Repeat until scores converge:
Step 1: Assign random value to each phrase (word scores)
Step 2: Words scores are weighted by the observed frequencies
Step 3: Weighted average of word scores in each column (candidate) produces a candidate score
Step 4: Weighted average of candidate scores produces a new word score
Step 5: Standardize scores (subtract mean and divide by standard deviation)
Eventually this reciprocal averaging converges, and scores stabilize, allowing for coordinates on the first axis. The same steps can be followed for subsequent axes, adding an additional step of uncorrelating the scores from the first axis. This process is typically much faster than SVD when dealing with a large vocabulary, as counts of zero can be ignored and we are yielding one axis at a time.
Correspondence analysis provides insights into candidate similarity or word use similarity (proximity on the plot) as well as how discriminating an attribute is (distance from origin on the plot).
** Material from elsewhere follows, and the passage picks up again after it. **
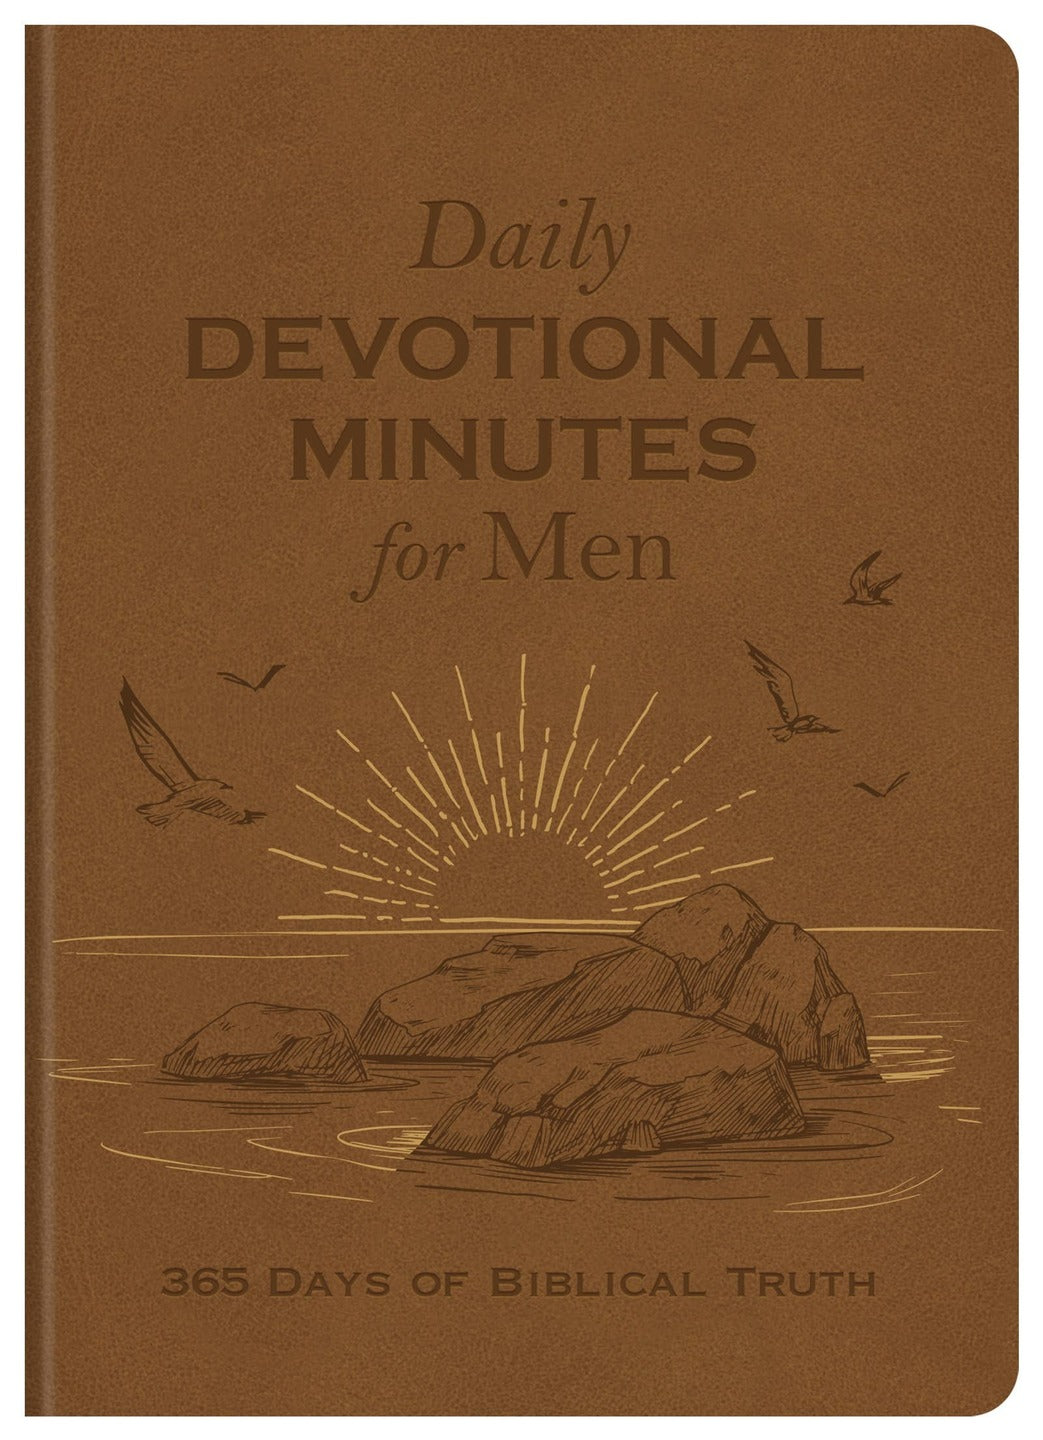 Barbour Publishing, Inc. - Daily Devotional Minutes for Men
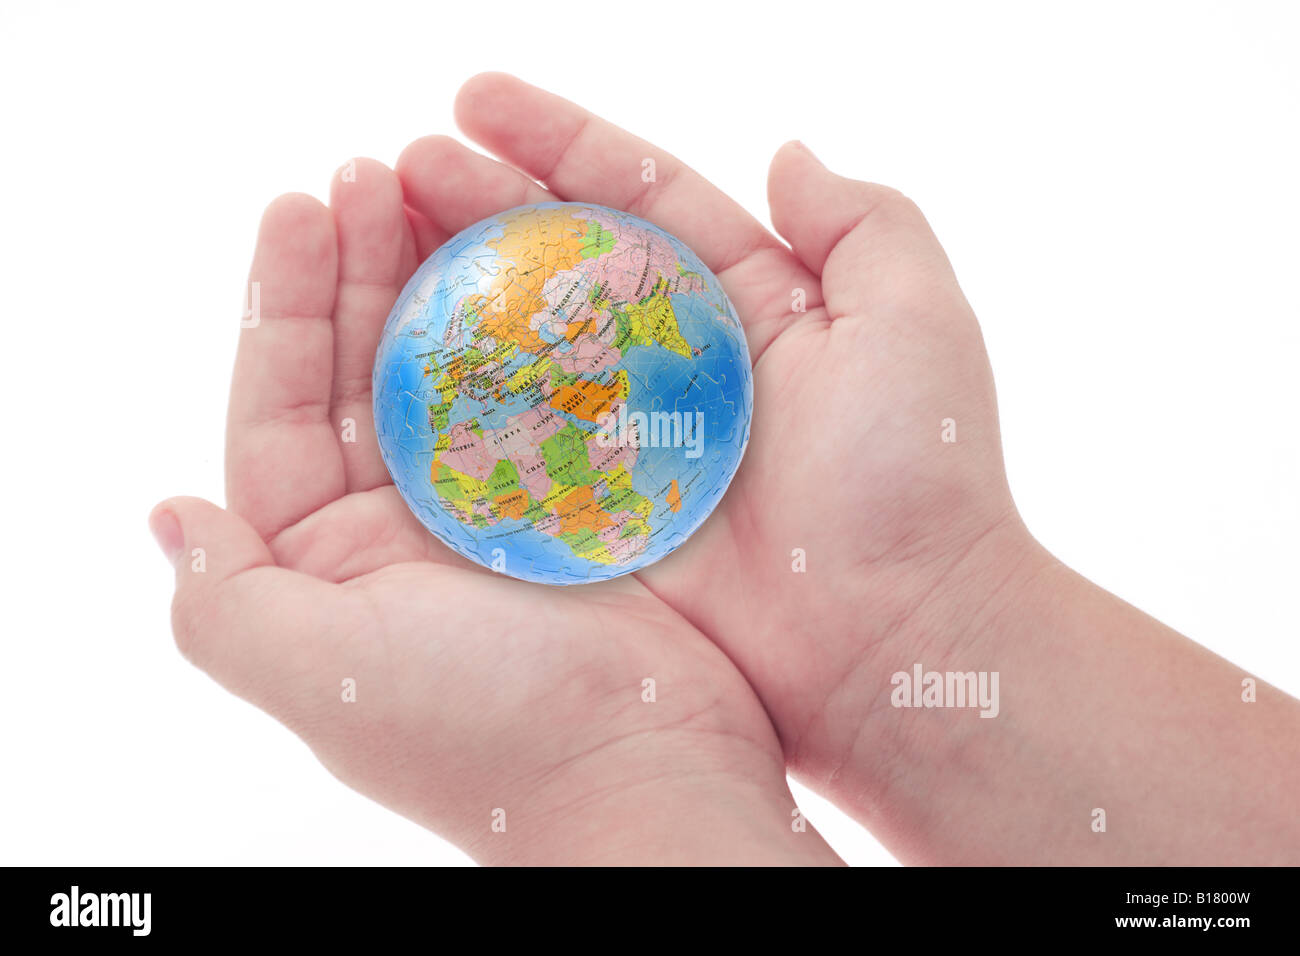 Child s hands holding Jigsaw puzzle globe on white background Stock Photo

We can interpret a level of association between words and candidates based on the standardized residuals, as well the size of the angle between both variables, measured by connecting word and candidate with lines to the origin.
If the focus of your analysis rests more on what themes were taken up during the debates, observing what groups of phrases or words were used together with some regularity regardless of candidate, topic modeling might be a more useful approach. The second part of this series will demonstrate what we can find in our debate corpus via topic modeling, and what are some common, unresolved pitfalls with this method.